The diaries’ cardinal virtues are their candour and self-awareness. I suspect that if I had met Clark, I would have dismissed him as a spoilt, arrogant womaniser with alarmingly right-wing views; but on the page his openness to his own faults makes him tolerable and even endearing. ‘Fool, Clark,’ is his habitual cry as he chronicles another error of judgement or lapse into temptation. His account of trying to give a House of Commons speech after attending a wine-tasting is a classic.

Clark has the rare gift of writing amusingly about tedium, and what comes across most strongly is the sheer dullness of the daily grind in ‘the bloody House of C, being yerr’d at the Box by a lot of spiteful drunks, on subjects that bore and muddle me’. A Minister’s lot is slightly better than a backbencher’s, but he is still ‘a zombie in invisible handcuffs’, at the mercy of civil servants who vie to fill every spare moment with unnecessary meetings.

Not that there is a shortage of intrigue: Clark’s record of Mrs Thatcher’s fall will endure for as long as there are daggers to be drawn. What is fascinating is that the habitual objects of his animosity are his fellow Conservatives, while Labour and SDP opponents are accorded grudging admiration. A political party is a monster that eats itself.

Of the three volumes, the first to be published – covering the years 1983 to 1992 – is the best. In its prequel, Into Politics, Clark is a bit too full of himself, while the posthumous Last Diaries suffer from self-consciousness. But together the trio describe a Faustian arc: seduced by the political world, he sees through its hollowness and eventually finds the courage to resign, only to find that he can’t live without it; he sets about getting re-elected, and succeeds, but by then it is too late – he is too old and ill to achieve anything. Ah, Mephistopheles!
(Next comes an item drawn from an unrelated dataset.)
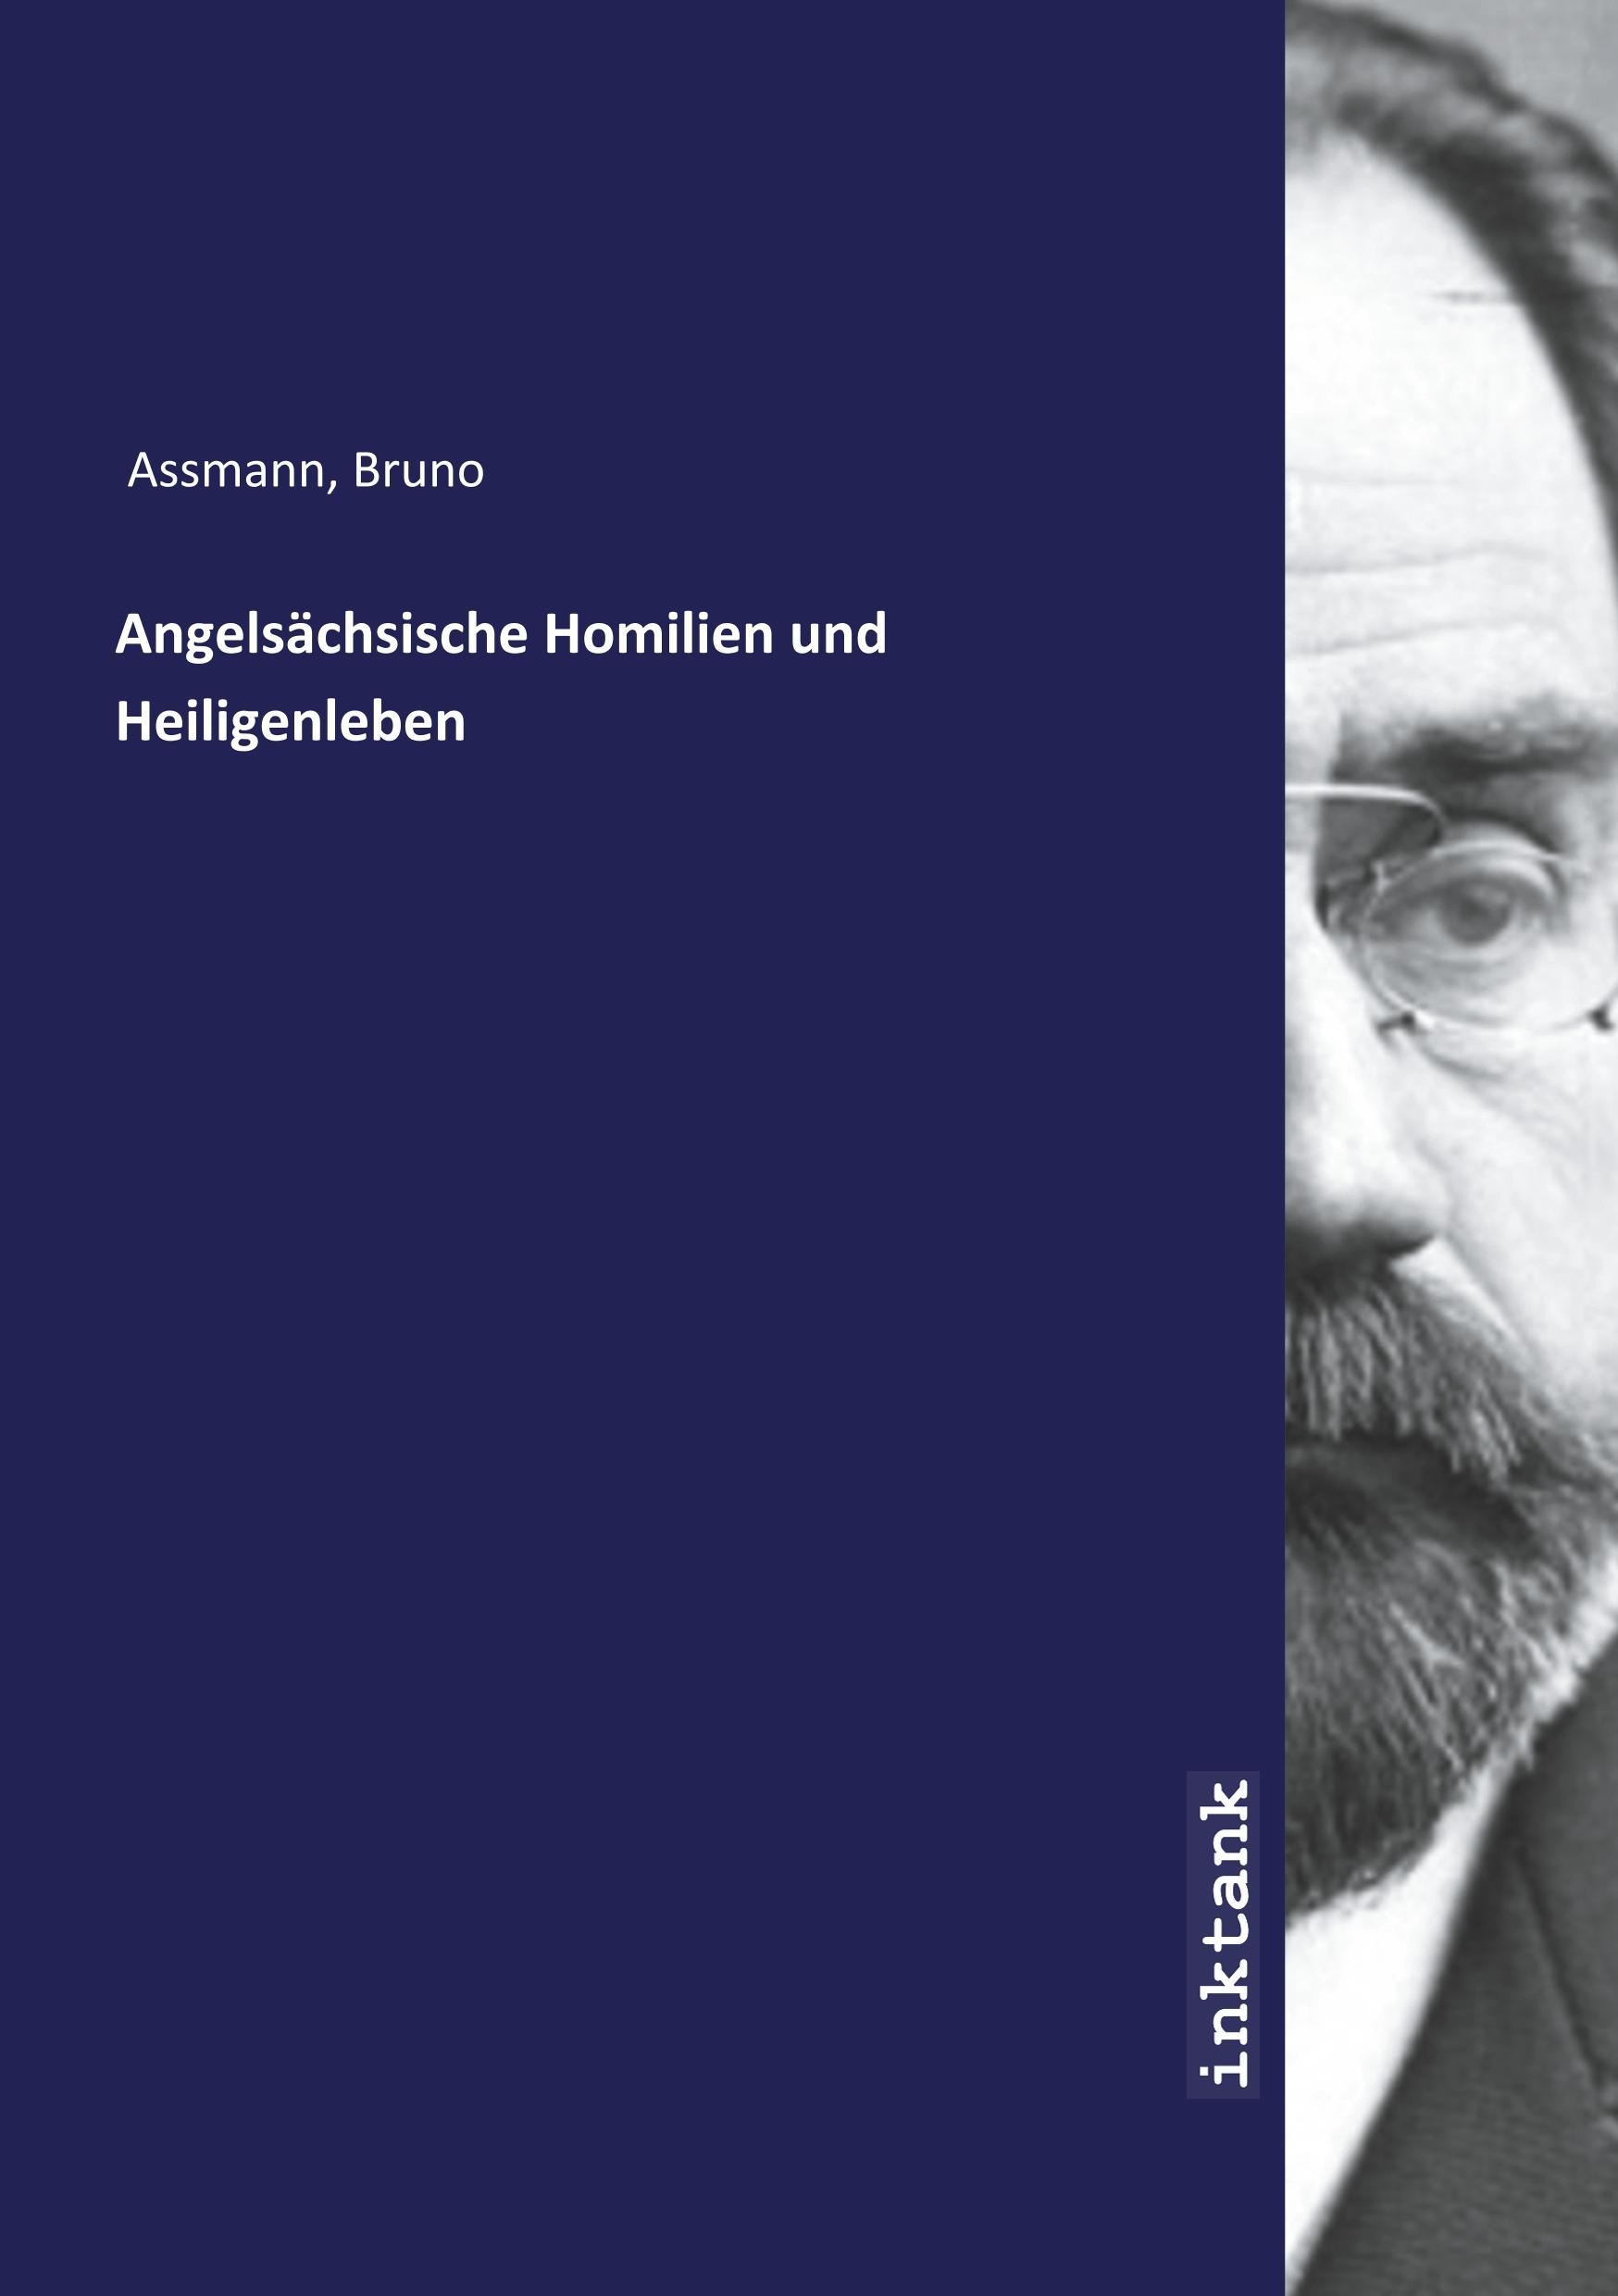 Angelsaechsische Homilien und Heiligenleben - Assmann, Bruno

The quintessential episode is that of the Fur Labelling Order. An ardent animal-lover, Clark puts his all into legislation which will highlight the cruelty of leg-trapping. But as luck would have it, Mrs Thatcher’s constituency is home to some influential furriers, and she is about to make an official visit to Canada. She asks him to drop the issue, and to his bitter shame he does.

Only when he escapes the fetid corridors of power and engages with the natural world does Clark feel fully himself. Flying over Canada, he meditates on the terror of the Northern Ice-cap, ‘So utterly lifeless and bleak. In the desert there would at least be foxes and insects and little roots waiting to be nurtured by the rain. But the Polar route is all ice cliffs, and pale chasms of depth unknown.’ The beauty of that final sentence flashes from the page, reminding us of what will endure long after Secretaries of State have been forgotten – and that poets are the true legislators of the world.